1989: On March 7th, 1989 two nordic skiiers, Shawn Dougher, 25, and Ralph Vecchio,29, of Stroudsburg (PA) were found by rangers in N. Ausable cabin after three nights stranded on Mount Marcy summit in a storm. Both suffered severe frosbite, legs amputated. They sued Adirondack Loj for not informing rangers they had not returned sooner.
- Thill, Mary. "Frostbite victims seek damages from club". Lake Placid News. January 8th, 1992.

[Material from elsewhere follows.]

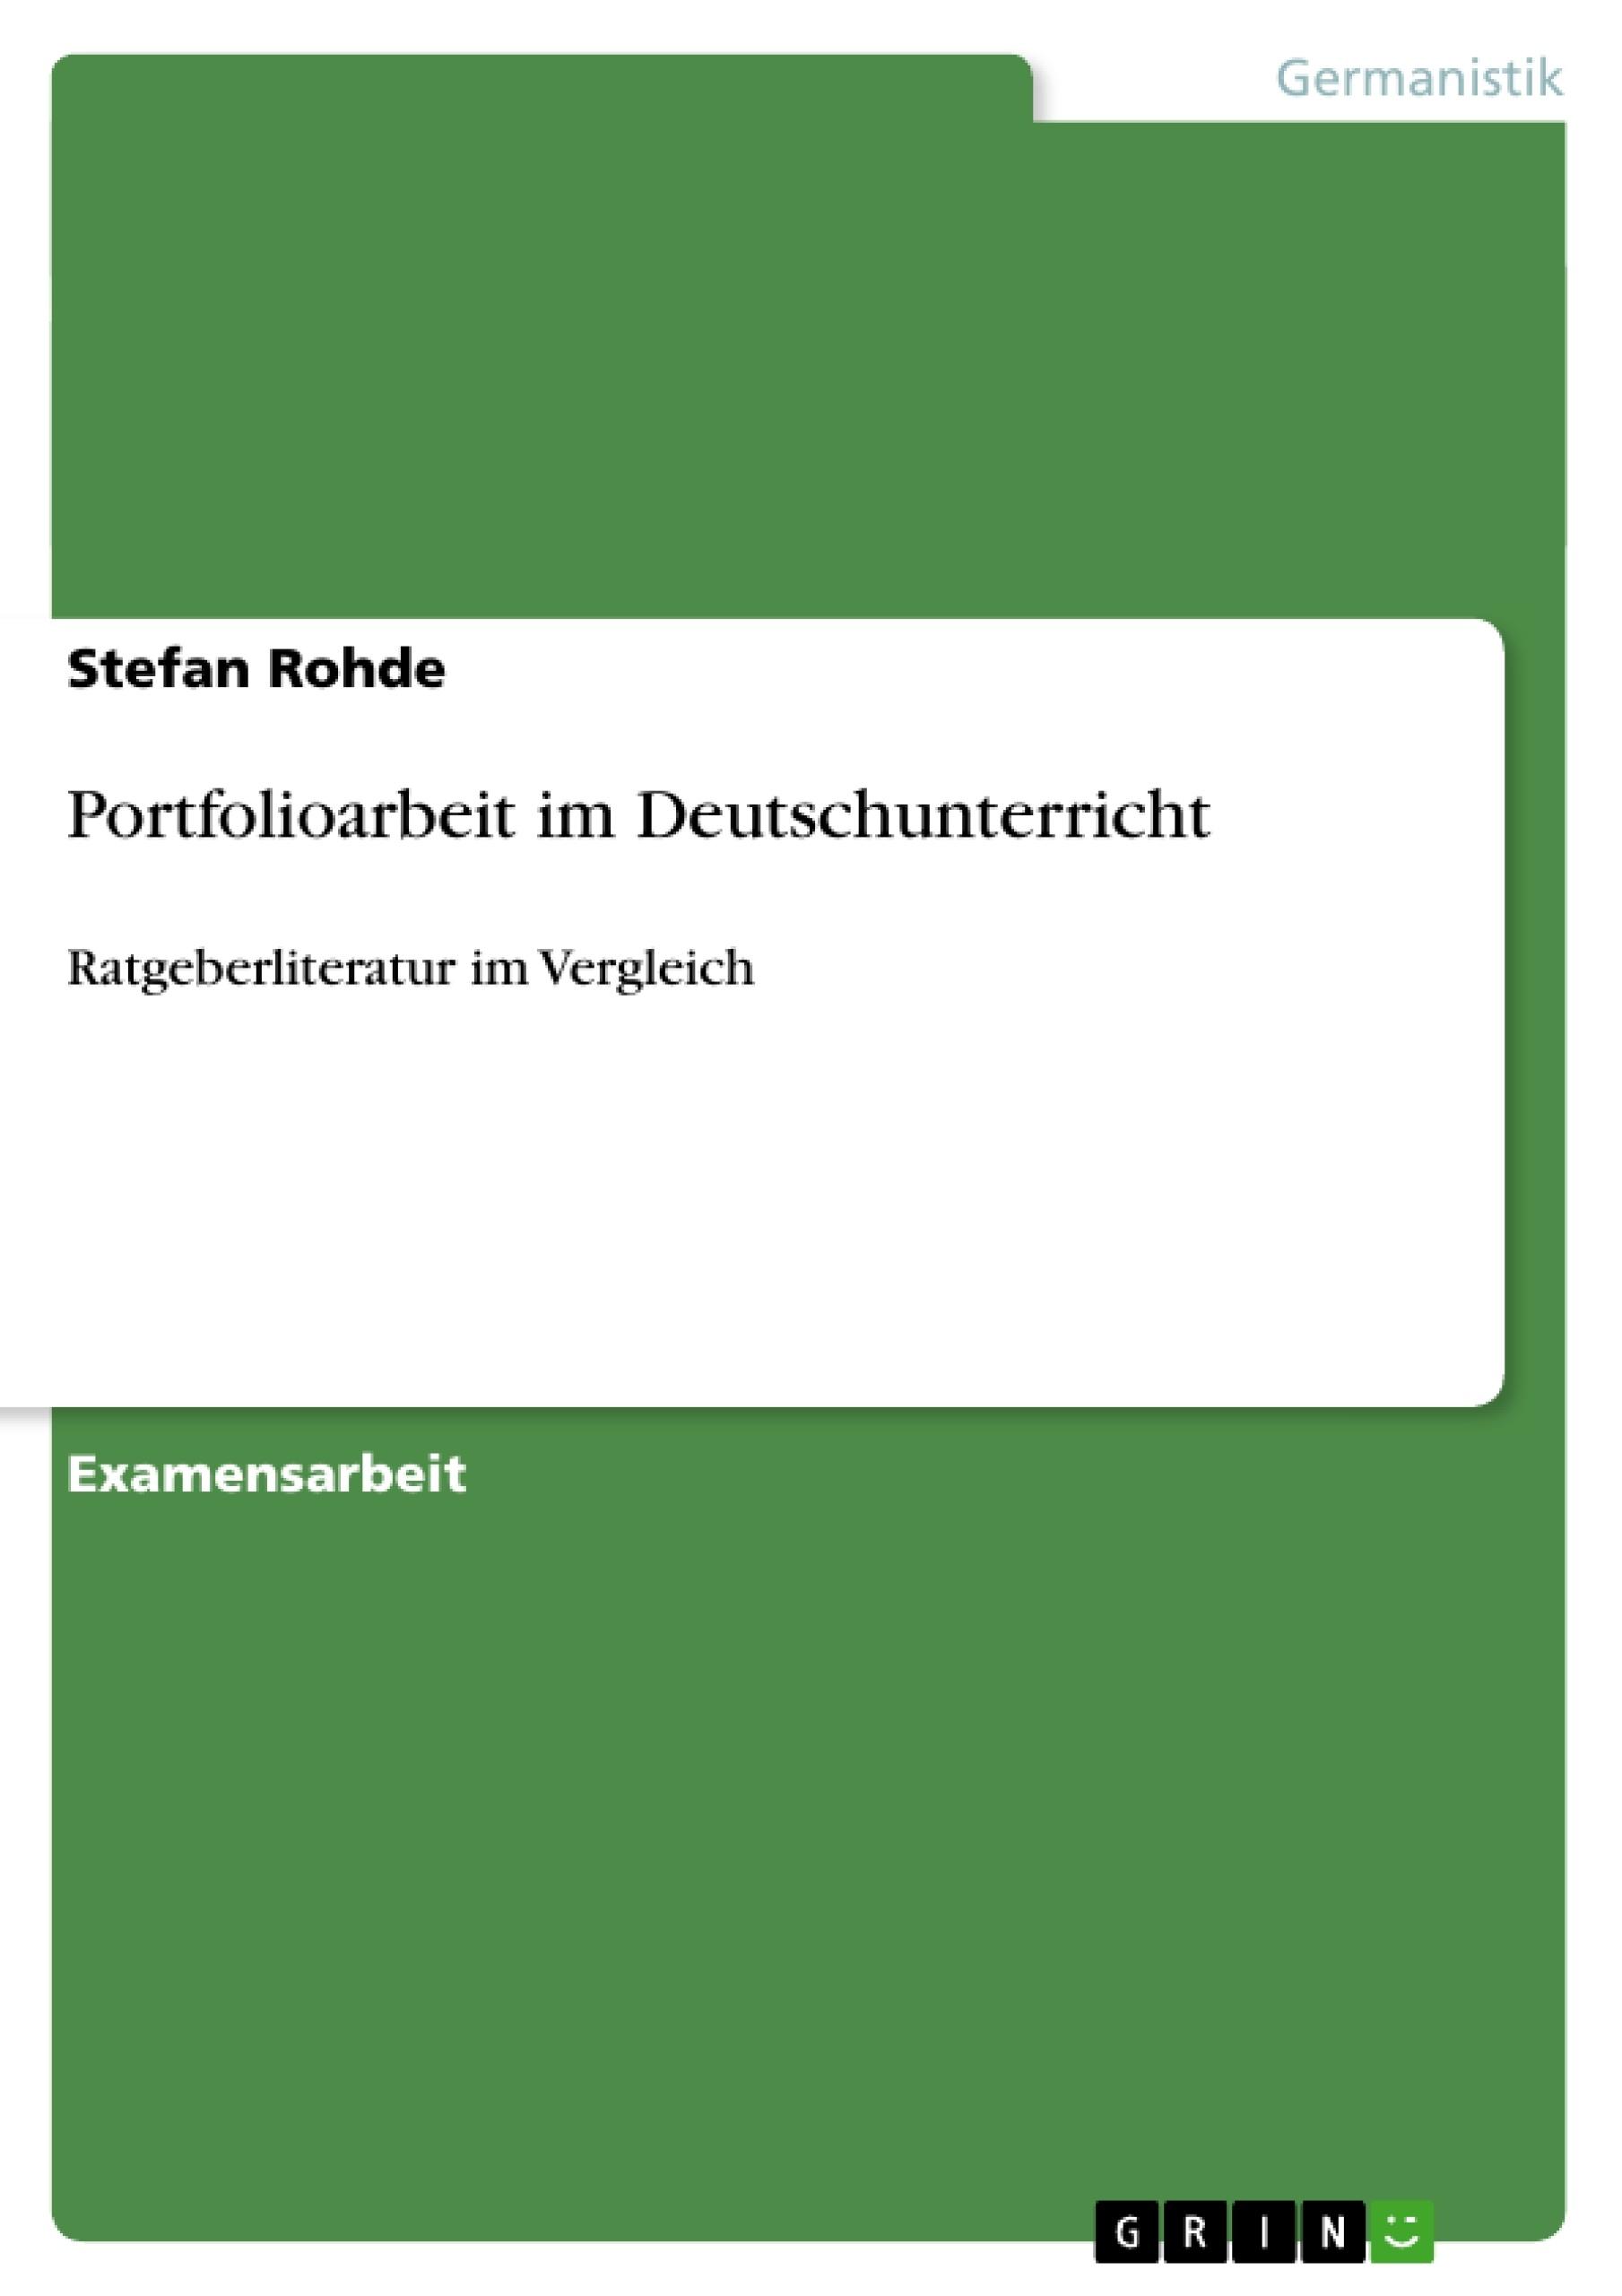 Titel: Portfolioarbeit im Deutschunterricht

1989: On October 9th, 1989, Holly McLeod, 14, of Pittsfield (MA) was airlifted off of Mount Marcy via Life Flight helicopter after dislocating her knee and spending the night near the summit with rangers. She was airlifted to a local hospital in stable condition and later released.
- Ballou, Ellen "Life flight aids in rescue". Lake Placid News. Week of October 11, 1989.

1990: On May 20, 1990, four lost hikers on , Eric Bisson, 19, of Gatineau (QB), David Poirer, 15, Sebastien Sequin, 16, and Francois Quay, 26, of Hull (QB) walked off under their own power after spending the night on the mountain. They walked down its trails to safety as a search and rescue effort was underway.
- Ballou, Ellen. "Hikers find way out" Lake Placid News. Week of May 23, 1990.

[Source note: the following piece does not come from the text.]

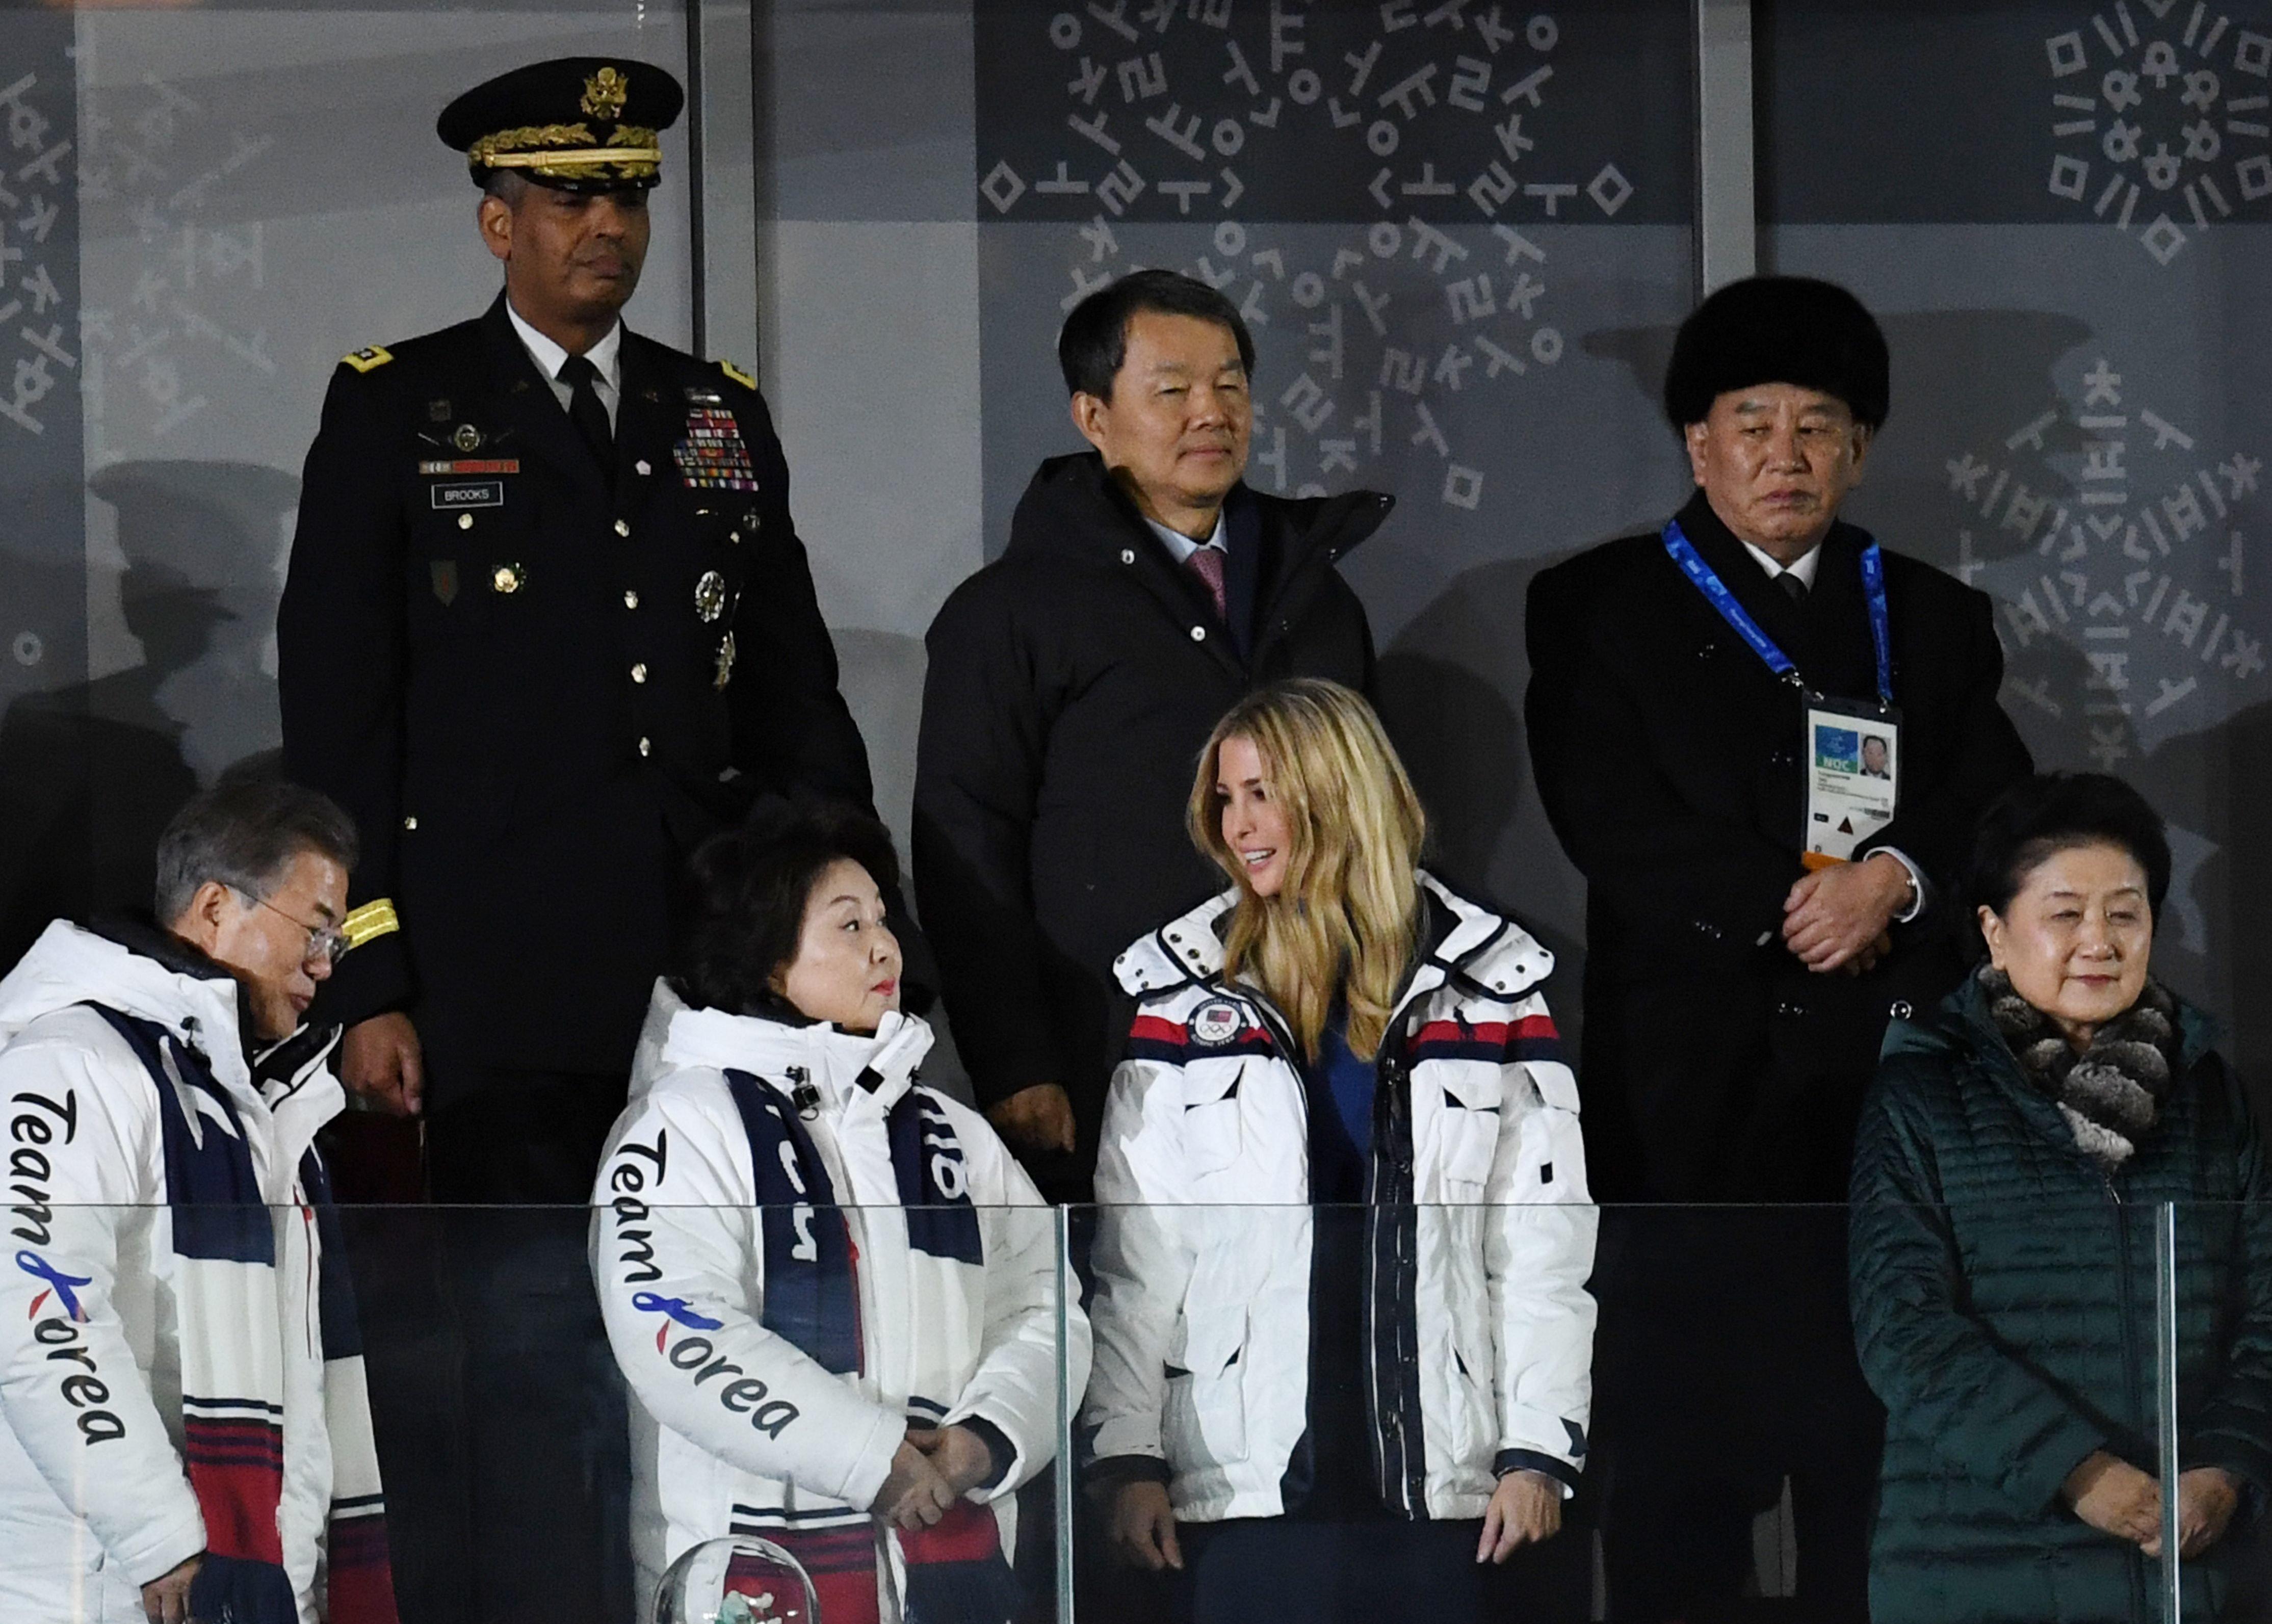 김영철과 이방카 트럼프가 올림픽 폐회식에

1991: On April 10, 1991, Rory Doohan, 33, of Hobart, Tasmania (Australia) died due to hypothermia after he and companion, Sharon Moore, 32, were caught in freezing rain while descending Mount Marcy a day or so earlier. Doohan's remains were removed by rangers the following day. Moore was able to descend safely to retrieve the rangers for the recovery.
- "Australian hiker dies in High Peaks Wilderness". Lake Placid News. April 17, 1991.

1992: On April 16, 1992, Eric Martel, 17, of Gatineau (QB) celebrated his birthday with a climb up Mount Marcy, but fell on a sheet of ice, slid 300 feet and off trail, breaking his leg after striking a tree. He was carried back onto the trail by his companions and was carried out by rescuers early the next morning.
- Dechant, George. "Climber breaks leg on icy slopes of Mount Marcy". Lake Placid News. For the Week of April 22, 1992.

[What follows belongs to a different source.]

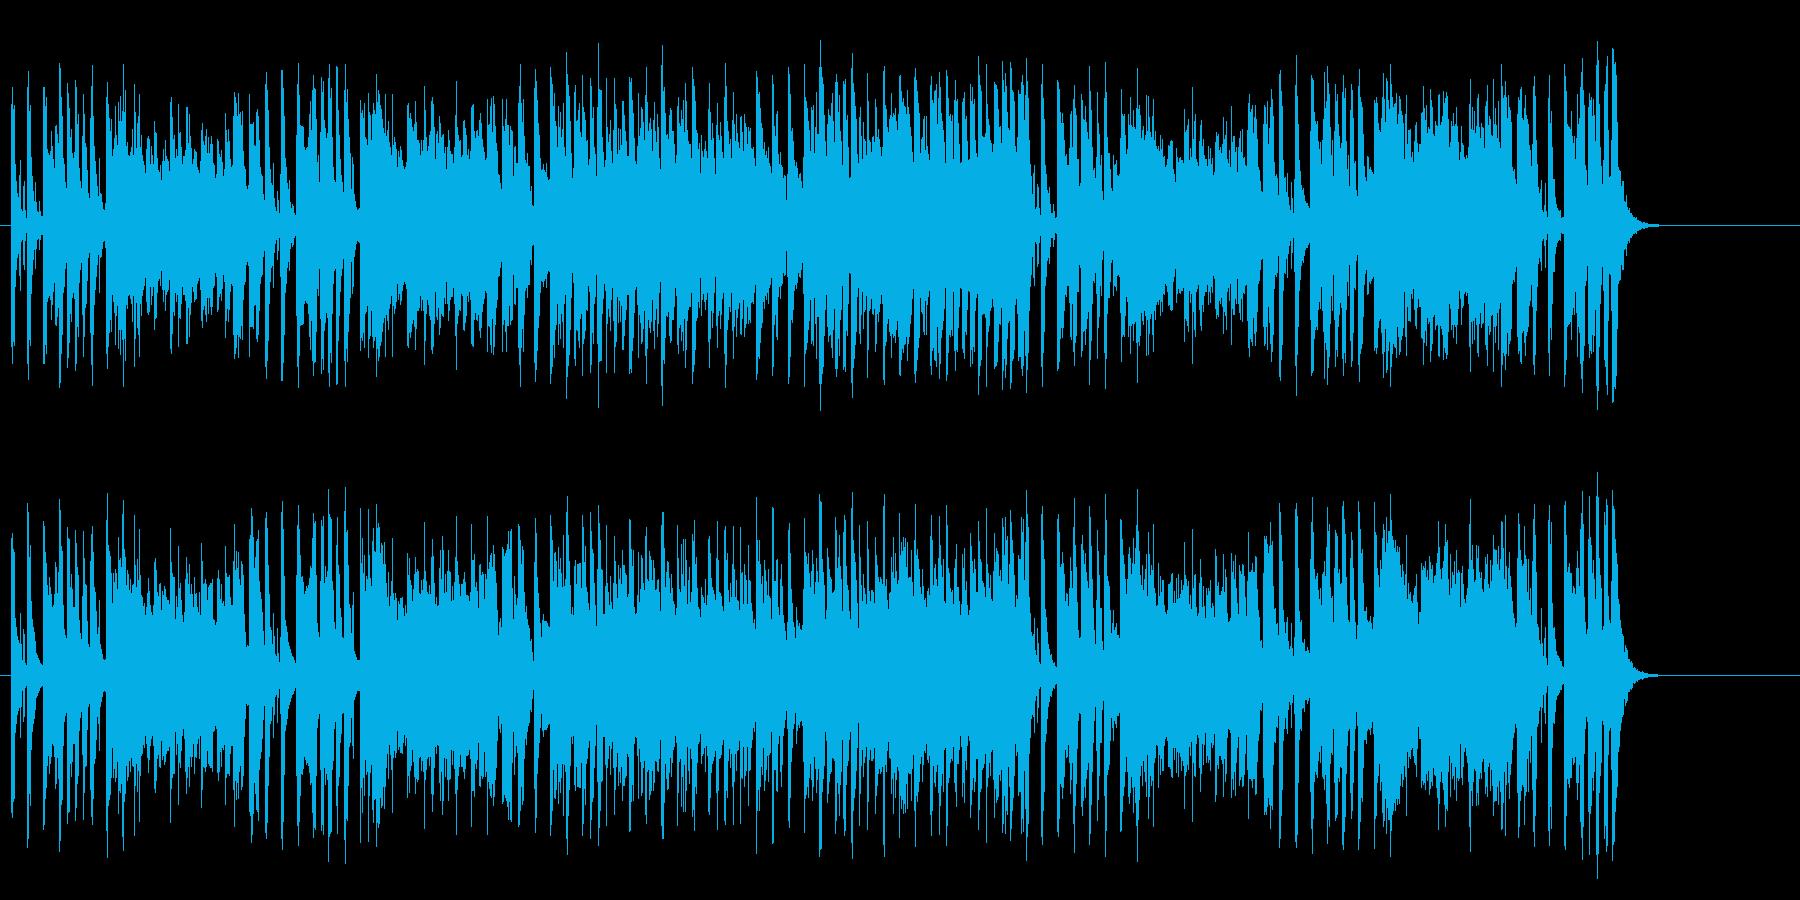 とぼけた感じがおちゃめなコミカルサウンドの再生済みの波形

1994: On March 29th, 1994, two boys, Bart Spedden, 18, and Burt Schiffer, 17, of PA were found by rangers after missing for two days, having gotten lost on Mount Marcy on March 27th. The two were found by rangers headed for Route 73 on foot in good condition and were driven back to the Adirondack Loj.
- Branca, Roberta "Search for lost hikers a success". Lake Placid News. March 30, 1994.

2001: On March 7th, 2001 two snowshoers, Philip Mousseau,19, of Hull (QB) and John Riche, 20, of Chelsea (QB) are found after spending a few days caught in a snowstorm on the slopes of Mount Marcy. Rangers found them in good condition and they were led out of the High Peaks after spending final night at Lake Colden Ranger Station.
-Rauch, Ned P. "Lost hikers found in high peaks".Lake Placid News. For the week March 9 - 15, 2001.